Reposting: The Mote in All Our Eyes

haikujaguar makes some very interesting observations in her blog post the other day.  The dear lady remained calm and polite during the landslide the followed.  I commend her.


Originally posted by haikujaguar at The Mote in All Our Eyes

This seems a good time for this, if ever there is a good time for it. It is certainly (and depressingly, as usual) a necessary time for it. But having returned from Worldcon, with its many microaggressions, and having read Jim Hines’s very thoughtful Storify about microaggressions—which was aimed at educating my kind, or so most people would assume—I am sorry to have to bring this topic up.

So here it is. I agree totally that such a thing as microaggression exists. I am exhausted at honoring it when the people who are demanding that I do consistently exhibit macroaggression at me and people like me. Not only do they do so, they often congratulate themselves on it, or tell me that I deserve it because of extremists who claim to share my beliefs (is this sounding familiar? I weep for us… will we every learn!).

I find this appalling. I don’t think it’s right to blame my unlike-thinking friends, or even strangers, for the acts perpetrated by the extremists in their belief systems. I don’t even blame them for the beliefs that I find disturbing or “excessively discomforting.” Yes, I went there. I attended a con once where the toastmaster said that they wanted all conservatives to “hurry up and die and leave the planet to the rest of us. No wait, they can stay as long as we can have their money.” And people applauded. That person wasn’t kicked out of the convention. They were feted and congratulated while I sat in the audience, pale and trembling, listening to the people around me cheer my demise. I have never, ever forgotten that moment. Or all the threatening ones after, both generalized or intimate, like the man who leaned into my face and told me the world would be better off without me and people like me. No one stepped in to tell him that he shouldn’t say such things.

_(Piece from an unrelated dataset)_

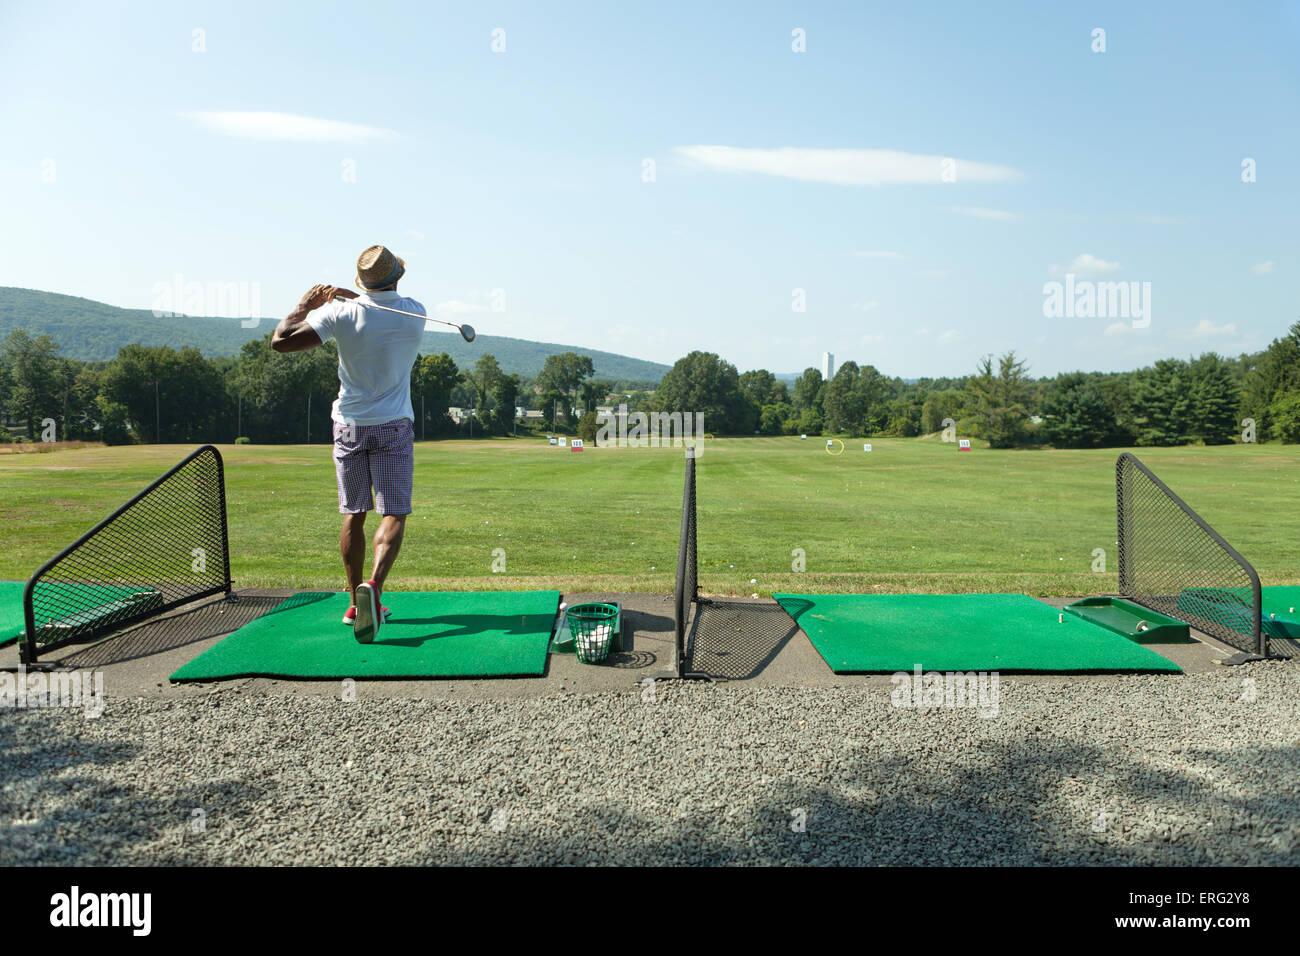 Golf at the Driving Range - Stock Image

The people standing around us just nodded or smiled. One of them even said before leaving, “Your time is over. We don’t need you anymore, [expletive here].”

And yet, I know that if I say these things, the majority of the people will probably say, “Well. You deserve it. You’re Christian. You’re a conservative. You don’t belong here.

I am all for a more civilized fandom. I am all for us being kinder to one another, and striving to understand each other’s viewpoints, experiences, and beliefs. I give people the benefit of the doubt, and because of that, I’ve enjoyed friendships with a broad gamut of people, all of whom have taught me a great deal and brought me a great deal of joy. But if we’re going to slap people on the wrists for microaggression, can we please start playing fair? Can we go after the person at the con who made knowing comments to the audience about flyover states? Can we talk to the person who was preaching radical feminist philosophy as if it was the only sensible philosophy until I said, quietly, “I’m sorry. I’m not on board with most of that.” Can we stop the toastmasters wishing that half the population would die in a fire (and leave their wealth to them)? Is my excessive discomfort also important? What about all my conservative or religious friends, and the fans who have quietly told me the only place they feel safe is in my social media spaces? What about the fans who have even more quietly told me they don’t feel safe ever?

I am already trying to be part of this solution. Maybe we could meet halfway?


One question that kept coming to my mind while I was reading the post and the comments:
Why does there have to be “your side” and “our side”?
What about the people who are not on either “side”?

Why do people insist on drawing a line down the middle of the table?
Can people not see that this in-fighting is causing harm – that we’re losing fans because of the bickering?

haikujaguar said that we need to meet in the middle. The first step towards that, in my mind, is to remove that line from the table and add some extra seats. ‘Cause you know what, in the end we’re all sf fans and by our very nature we’re a bit on the odd-ball side.